和平案提示、領土問題で難航必至 ウクライナ東部ドネツクが焦点

 【キーウ共同】米国のウィットコフ和平交渉担当特使らはウクライナとロシアに和平案を提示した。詳細は明らかになっていないが、焦点となっているウクライナ東部ドネツク州の扱いを巡る領土問題は双方とも譲らず、協議の難航は必至だ。

 ロシアはウクライナ東部ドンバス地域(ルハンスク、ドネツク両州)全域の割譲を求めている。一方、ウクライナはドネツク州の防衛拠点を失えばロシア軍のさらなる進軍を招く恐れがあると警戒し死守する構えだ。

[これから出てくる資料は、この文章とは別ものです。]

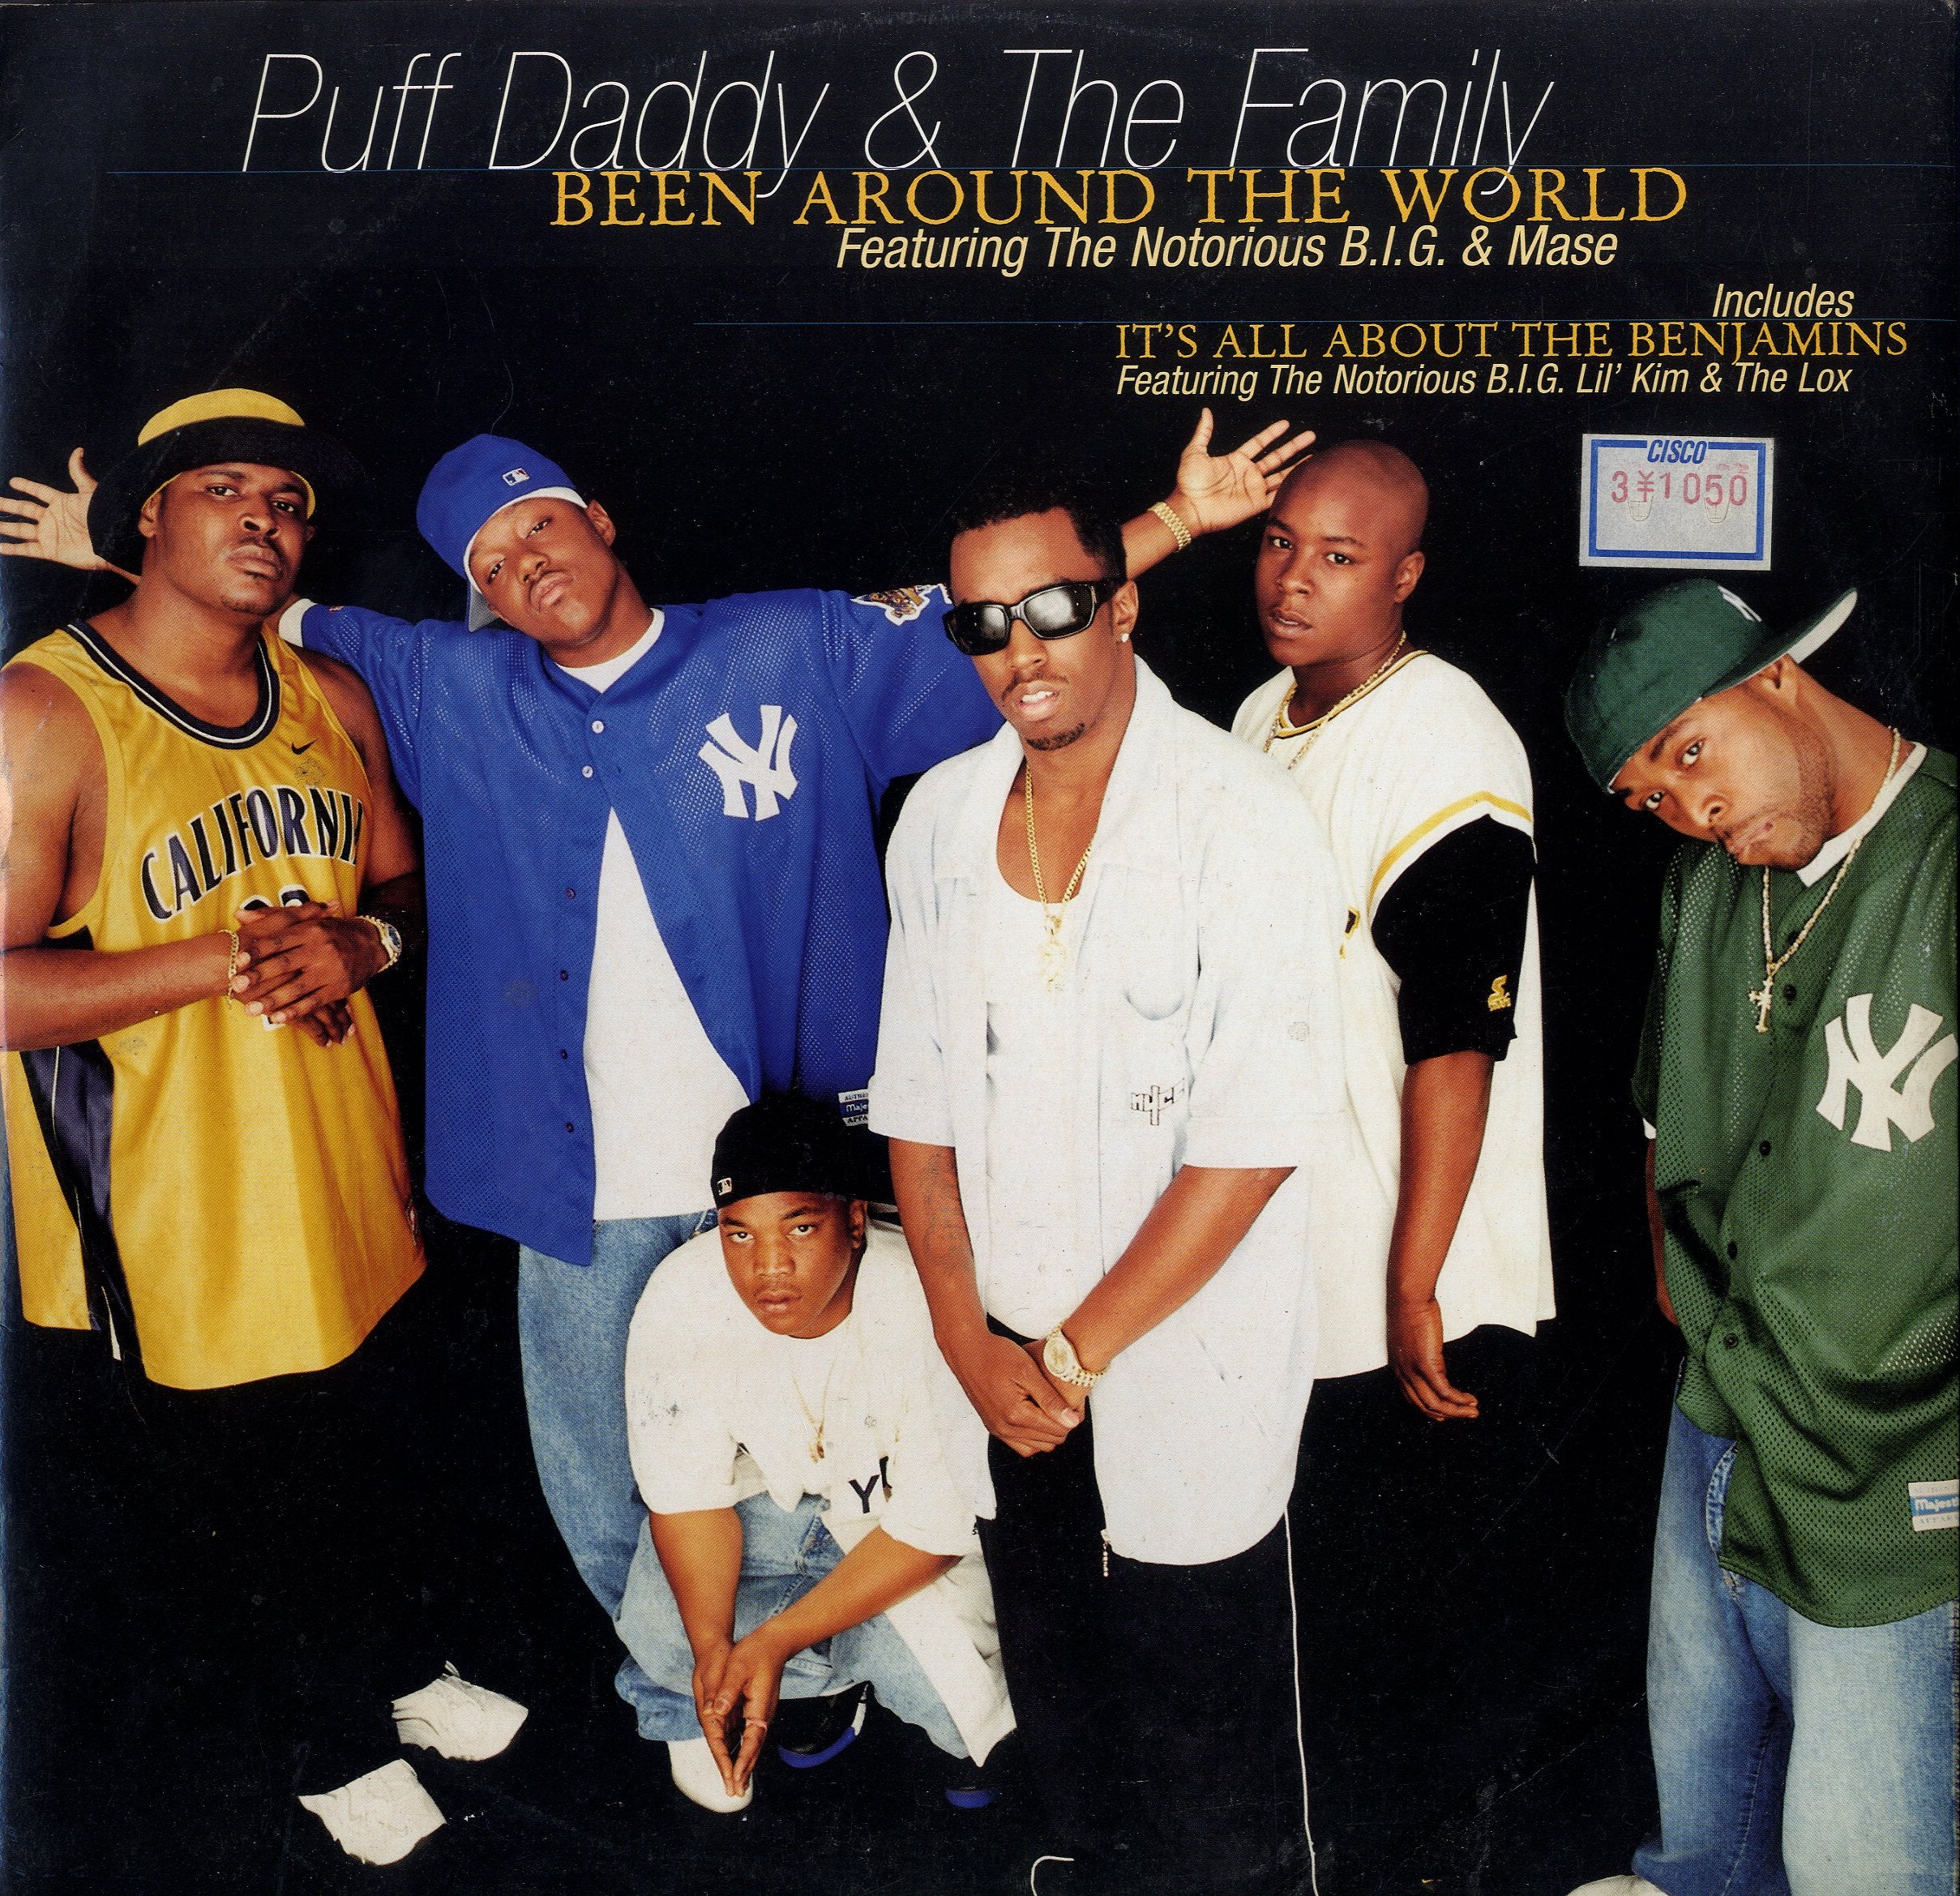 PUFF DADDY & THE FAMILY FEAT. NOTORIOUS B.I.G. & MASE [Been Around The World / It's All About The Benjamins]
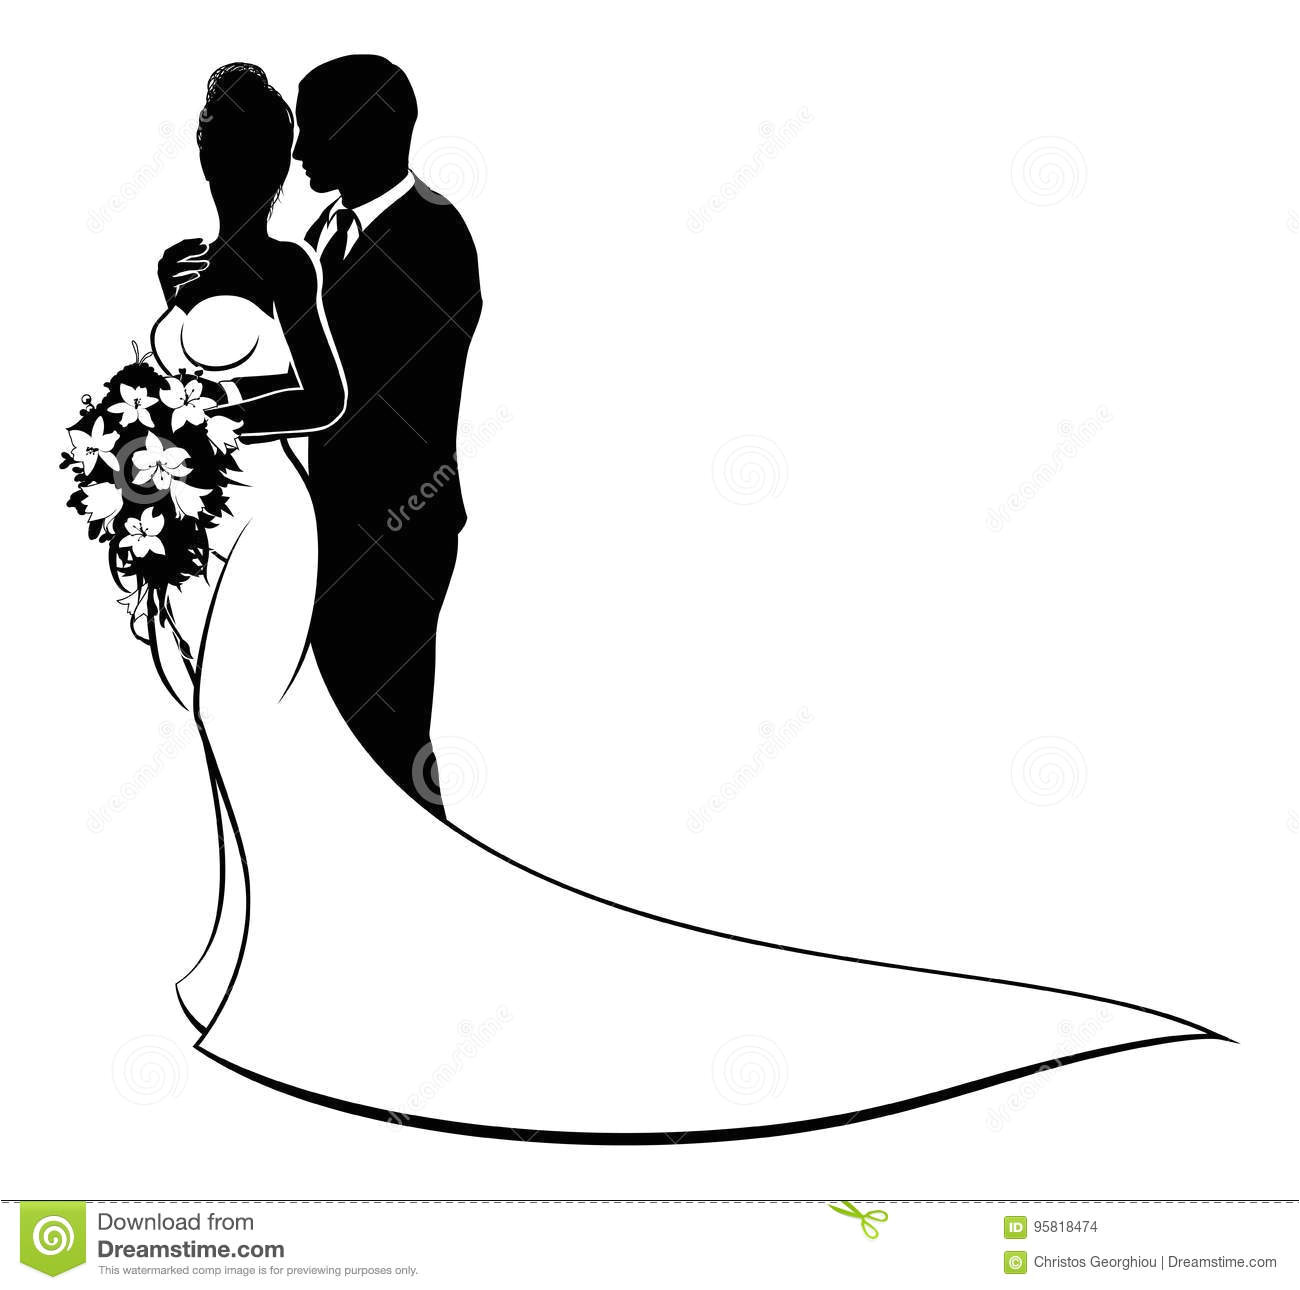 bride groom husband wife wedding silhouette concept couple white bridal dress gown holding floral bouquet 95818474 jpg

 東部の前線付近はロシア、ウクライナ両軍の無人機が飛び交う「キルゾーン(殺りく地帯)」が広がり、膠着が続く。ウクライナによる長距離攻撃の拡大によってロシアは多くの支配地域で補給を阻害されており、ロシア軍の進軍ペースが鈍化している。

 ロシアとしては米国が仲介する協議などを通じて、ドネツク州からのウクライナ軍部隊の撤退を実現させたい考えだとみられるが、ウクライナはロシアも同じ距離だけ撤退しない限り、応じない意向を示しており、平行線が続いている。